Here’s what we know about the Siberian shaman who set out to battle Putin’s evil spirit, and how police finally got to him

Source: Meduza

For half a year, Yakutsk resident Alexander Gabyshev had been walking on foot toward Moscow, thousands of miles and six time zones west of his hometown. Gabyshev describes himself as a “warrior shaman,” and he plans to defeat “Putin the Demon” at the conclusion of his journey. Along his path to Moscow, the shaman gave speeches at multiple protests, attracted a group of companions who walk with him along Russia’s highways, and became a subject of energetic discussion and meme production nationwide. On September 19, officials arrested Gabyshev and sent him for a brief psychiatric evaluation. He also reportedly faces felony extremism charges. These developments have prompted leading newspapers around the world to write about Gabyshev. Meduza is also looking at this man’s story and the life events that led him to where he is now.

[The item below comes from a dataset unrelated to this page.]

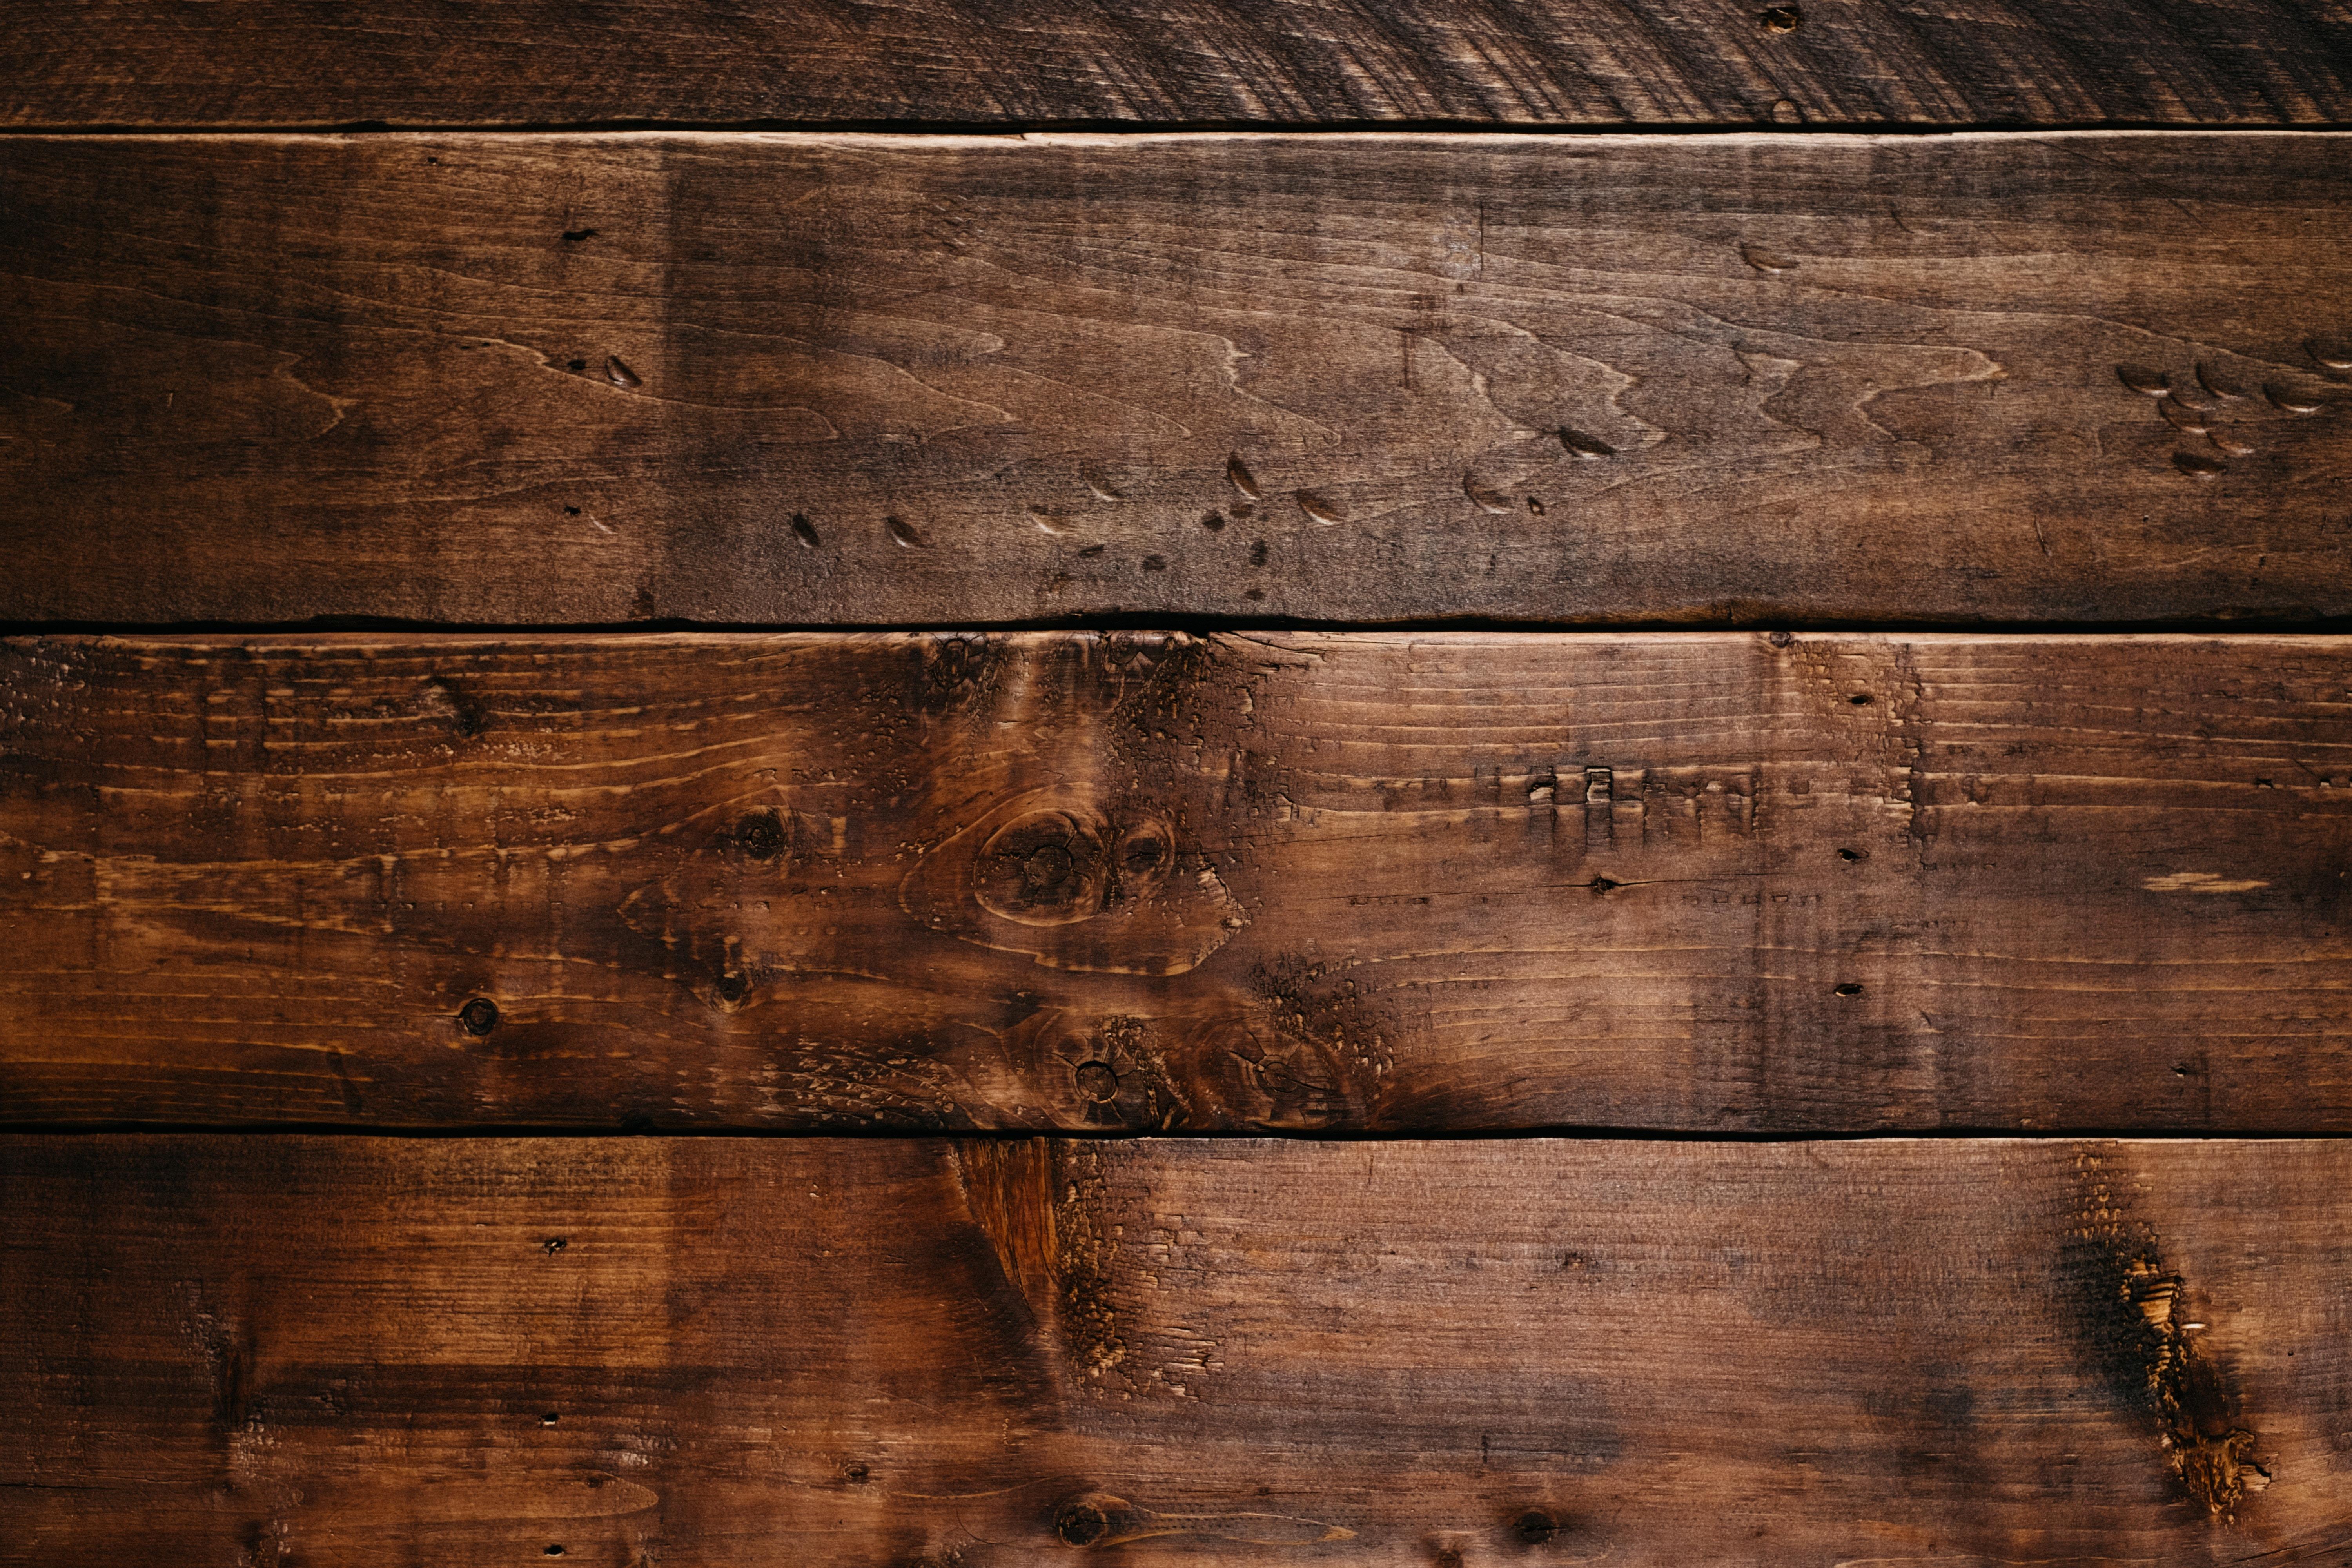 Hình nền gỗ đẹp với các mẫu hoa văn, các tông màu ấm áp sẽ mang đến cho không gian máy tính của bạn một vẻ đẹp độc đáo. Từ các mẫu gỗ sồi đến gỗ thông, hãy tải xuống ngay bộ sưu tập hình nền gỗ đa dạng này và biến chiếc máy tính của mình thành một tác phẩm nghệ thuật.

The Warrior Shaman vs. Putin the Demon

It’s difficult to find verified biographical information about Alexander Gabyshev, but it’s been established that he’s 51 years old and lives in Yakutsk, a city roughly 5,000 miles east of Moscow. (Google Maps says this trip would take 108 hours — by car.) Gabyshev himself has said he graduated from Yakutsk State University with a major in history, but he says he chose to follow a different career path, working as a welder, a street sweeper, and an electrician, among a series of other short-term jobs. Then, a few years ago, his wife died. He has said he took her death so hard that it pushed him to the edge of mental illness. Though friends encouraged him to seek professional treatment, Gabyshev says his mother refused to allow his institutionalization. Instead, he spent three years living in a forest, ultimately realizing, he says, that he was meant to become a warrior shaman.

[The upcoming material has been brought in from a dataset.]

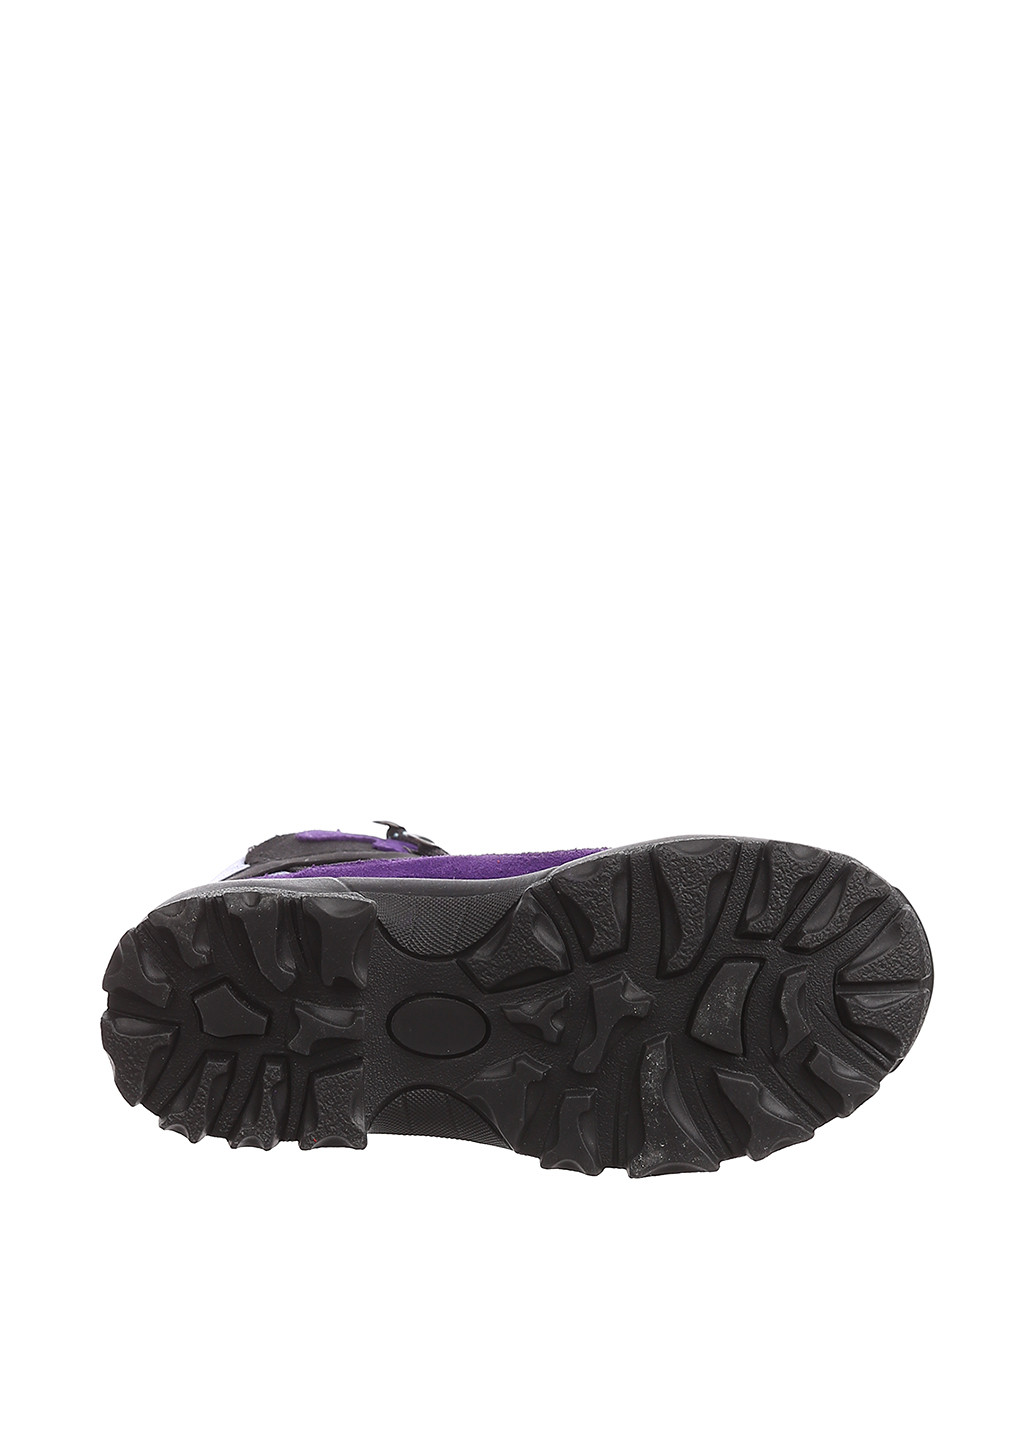 Темно-фиолетовые кэжуал осенние ботинки Grouse Creek

This is also when Gabyshev got the idea to walk to Moscow. In the fall of 2018, he set off from Yakutsk, but he had to cut his journey short when his dog, Rex, was hit by a car while the pair were walking along a highway. Locals say Gabyshev claimed no political golas at this point, and was only trekking across the country as a physical and spiritual challenge. Gabyshev says he knew even then, however, that his goal in Moscow was to protest against Vladimir Putin, whose “power must be counterbalanced by the power of the people.”

In March 2019, he began his second attempt to reach Moscow on foot, expecting to arrive by early 2021. At first, Gabyshev implied that he would remove Putin from office by force. “It’ll be a good battle, oh yes, a glorious battle! I was born to fight — I know all the martial arts. This isn’t just going to be an hour-long battle; it’s going to take an entire day. And when somebody fights for an entire day, all of Russia will rise up. There are millions of eyes and ears behind me,” he said.

By the summer, Gabyshev had arrived at a more peaceful idea: “I’m walking to exorcize Putin the Demon. Not a single hair will fall from his head. I have no right to cause physical suffering — that’s a sin. Just [his] removal from power, without any violence whatsoever. Violence is forbidden, even against a demon.”

Nearly 2,000 miles later, Gabyshev becomes an Internet meme

In six months, after setting out in March, Alexander Gabyshev walked almost 2,000 miles along national highways, wheeling behind him a small cart packed with his yurt and personal belongings. In the early summer, he reached Chita, where he spoke at an anti-Putin protest on June 12. In a four-minute speech, Gabyshev advocated the creation of “people’s assemblies” that would start issuing their own laws. “From now on, you don’t take orders from Putin. Live free! That’s the law!” he told the crowd.

Throughout this time, Gabyshev gained attention online in Russia, inspiring several Internet memes. Communities with millions of subscribers on VKontakte started sharing stories about the “Shaman headed to Moscow to exorcize Putin.” The Twitter account StalinGulag tweeted about Gabyshev to its 1.1 million followers, the independent TV station Dozhd aired a report about him, and other media outlets started piling in with more details about this curious man and his unusual mission. On YouTube, videos showing and discussing Gabyshev’s journey attracted hundreds of thousands of views. Like a Russified, otherworldly Forrest Gump, Gabyshev even inspired total strangers to join him on his cross-country quest. These new arrivals cataloged the trip in online broadcasts and crowdfunded money to sustain their shaman as he walked.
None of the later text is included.